С трудом больными руками я ощупываю голову, тяжелую, точно налитую ртутью, — она вся в тряпках, с засохшею на них кровью.
Негр из толстой бутылки наливает в кружку какую-то жидкость и озабоченно подносит мне.
— Промочи горло марсалой. Сам единоутробник Вельзевула прислал.
Пока я с жадностью глотаю приятное вино, негр, ругаясь, сообщает:
— О, подлый ураган был! Думал, конец вам…
— Да, среди стихий произошло довольно крупное недоразумение, — добавил Шелло.
— Как же я спасся?
— Вы вперед на ванты упали, а потом скатились на палубу, — сообщил Блекман. — В этот момент как раз молния сверкнула. Как увидел я, что с вами случилось, в момент спустился вниз. Боялся, что вас волнами смоет. Но, как видите, все вышло благополучно.
Мне нельзя повернуться: боль во всем теле, а в особенности в правом боку.

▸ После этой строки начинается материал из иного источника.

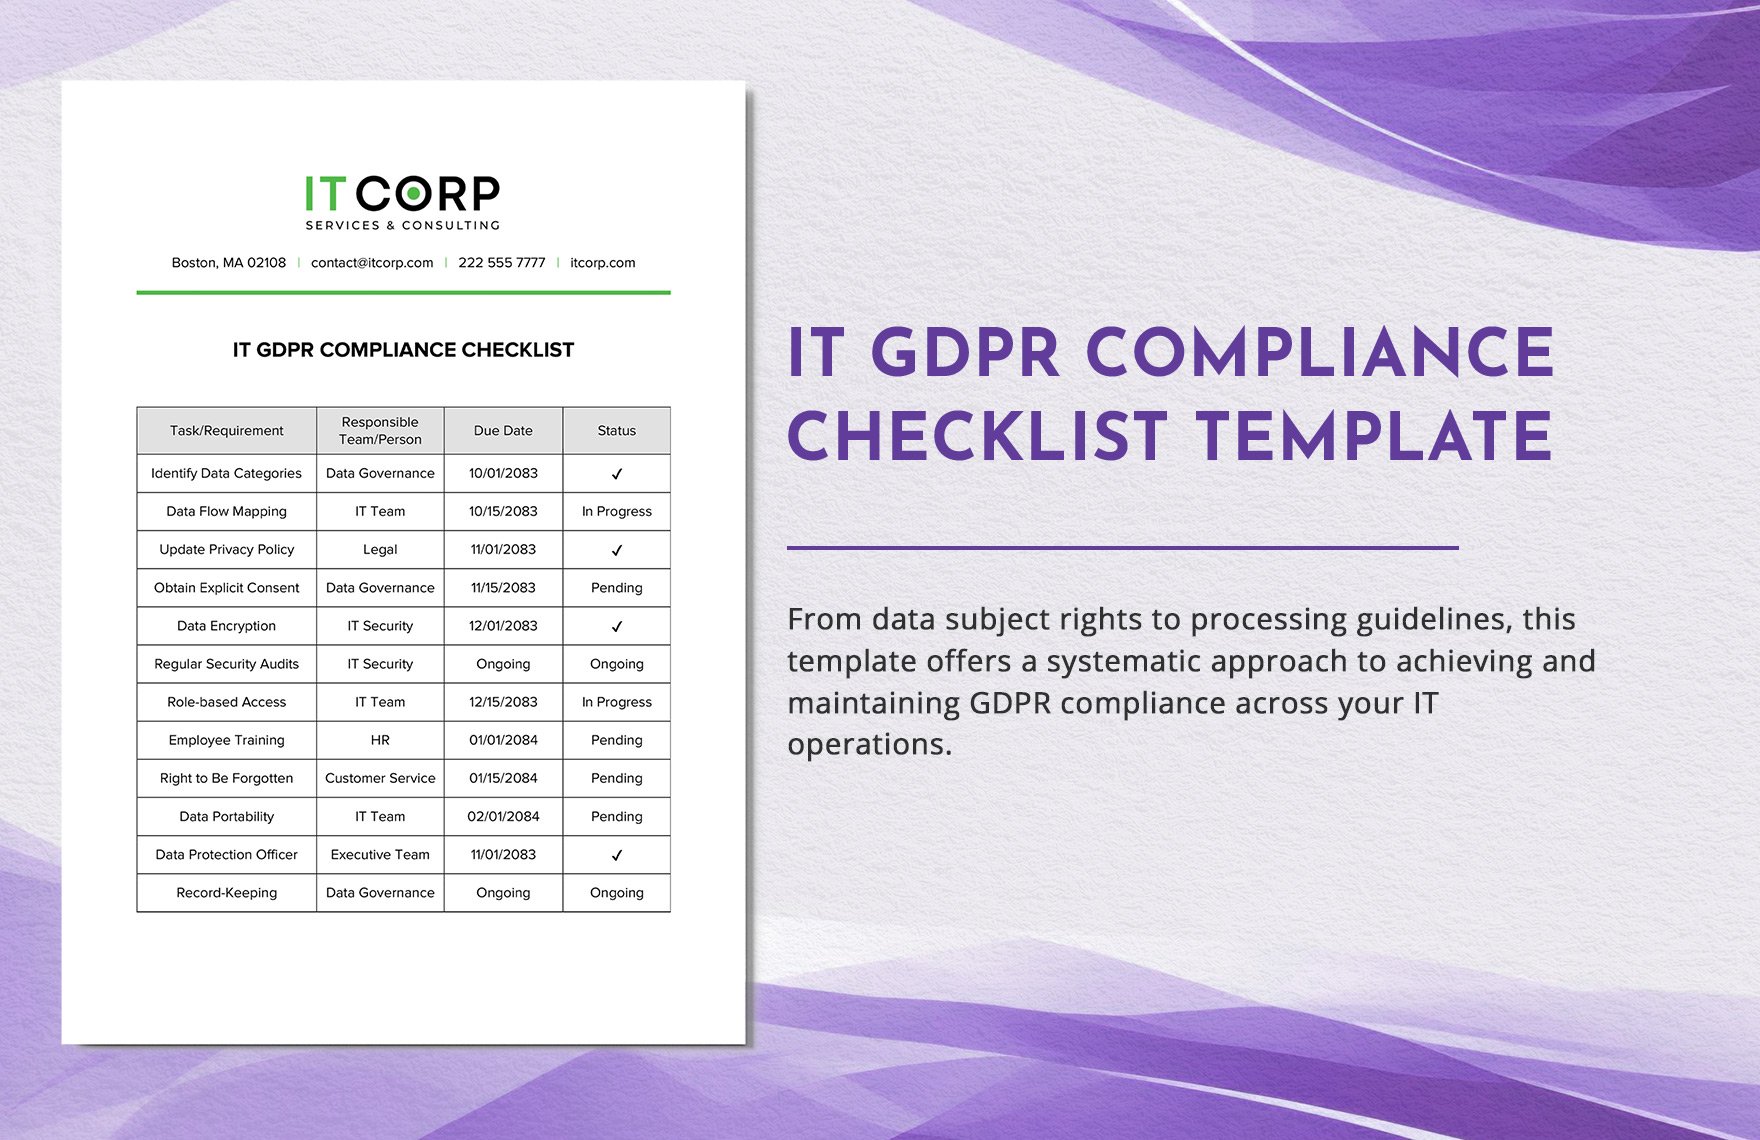 IT GDPR Compliance Checklist Template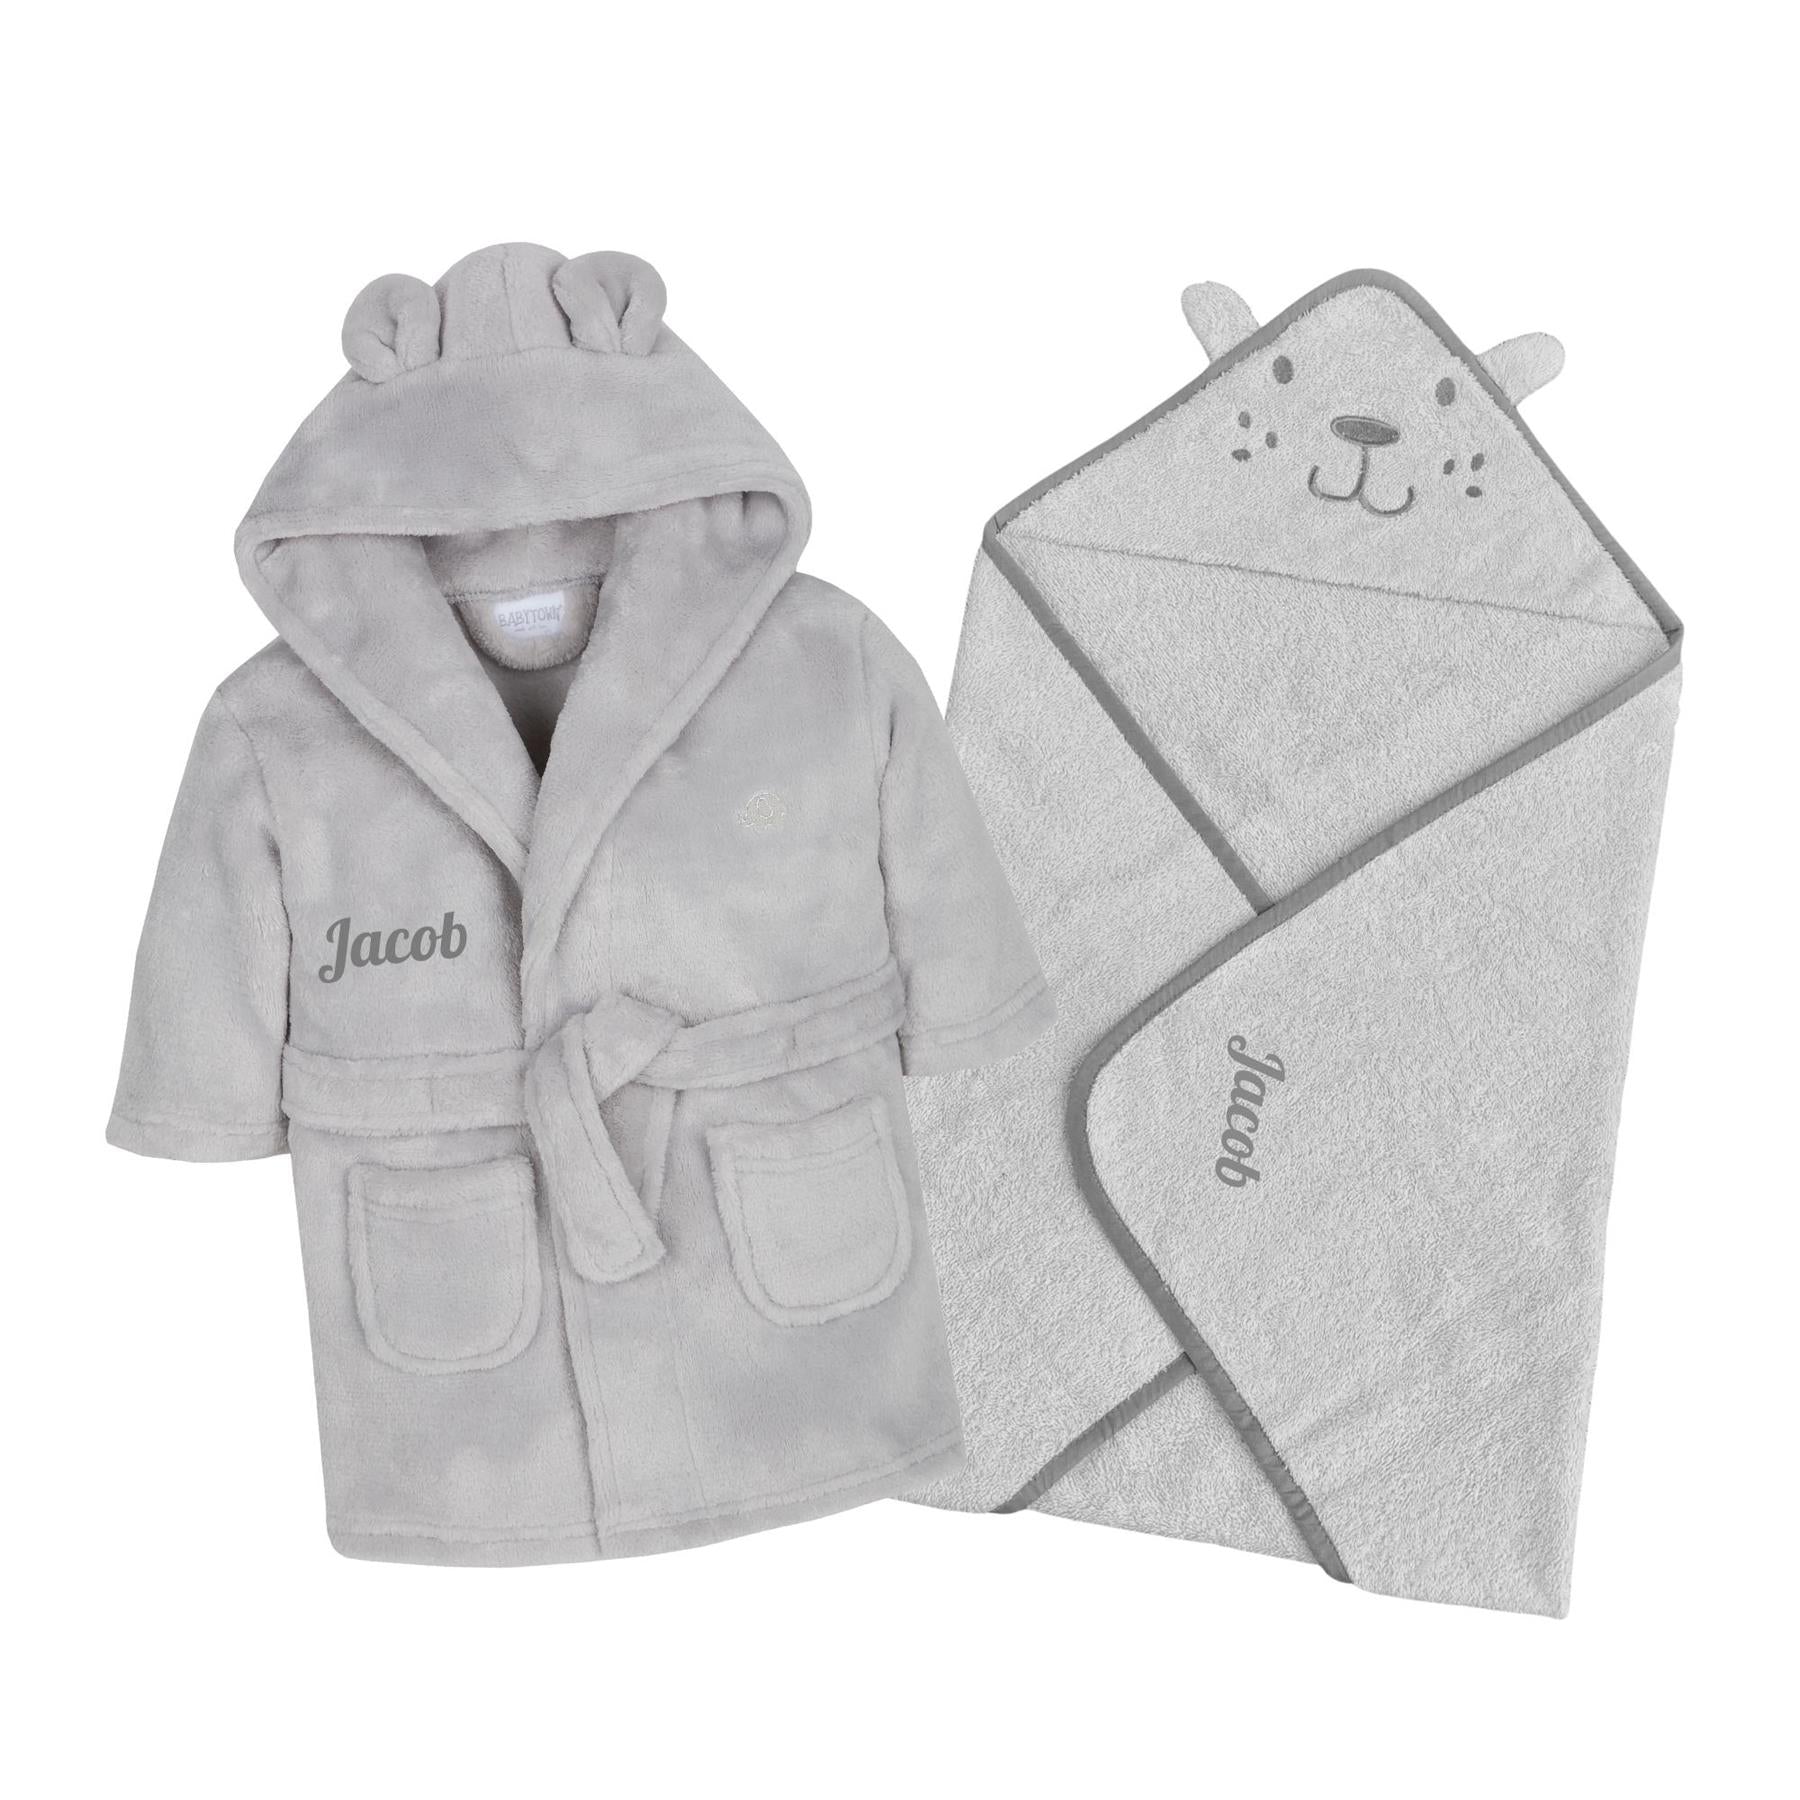 Baby White & Grey Towel Set

— У меня, кажется, ребра сломаны.
— Ничего, в больнице починят, — невозмутимо говорит Шелло.
— Много наших погибло?
— Нет, только двое на завтрак акулам пошли.
Блекман накачивает меня марсалой, сокрушаясь при этом, что напиток этот женский и одна лишь забава, что совсем другие результаты получились бы, если бы я хватил кружку-другую чудодейственного «смерча». Скоро я забываюсь и начинаю бредить. В моем мозгу все время вертится Амелия, путаясь с какими-то другими видениями. Я что-то кричу, что-то хочу понять, осмыслить — напрасно. А когда прихожу в себя, передо мною все те же двое матросов.
— Скажите откровенно, вы не родственник мне? — нагнувшись ко мне, спрашивает Шелло в один из моментов наступившего прояснения.
— Нет, Билль Браун, я вам не родственник, я натолкнулся, Билль Браун, на подводные рифы…
Его глаза недоуменно остановились на мне.
Потом смутно помню, как перетаскивали меня на какую-то лодку; как Блекман, прощаясь, крепко сжимал мою руку, смотрел влажными глазами и, сквернословя, все уговаривал не поддаваться смерти; как с чужими людьми, перекатываясь по зыбким валам, я направился к чужому пароходу, густо дымившему в ясное небо.
IX
…Я куда-то медленно погружаюсь. Меня мягко обволакивает желто-зеленый туман, скрывая все предметы. До слуха доносится неясный шум. Дышать становится все тяжелее; сердце как будто останавливается. Чем глубже я опускаюсь, тем беспросветнее становится кругом. Мне приходит мысль, что я попал в воду и, сохраняя лежачее положение, медленно утопаю. Это вызывает во мне лишь удивление. Дальше я уже не сомневаюсь, что лежу на дне глубокой реки, занесенной скользкой тиной, и никак не могу понять, почему во мне продолжает еще теплиться жизнь. В правом боку я чувствую тупую боль, как будто мои ребра схвачены медленно сжимающимися клещами. Я едва перевожу дыхание, не могу пошевелить ни одним мускулом, придавленный массою воды. Чувствуется отвратительный запах, вызывающий тошноту, в голове такая муть, что мысли, путаясь, еле шевелятся. Почему надо мною шум? Я понимаю — это ходят по реке пароходы. Не хватает воздуха для дыхания. Умер я или нет?.. В моем сознании наступает какой-то перерыв, тьма…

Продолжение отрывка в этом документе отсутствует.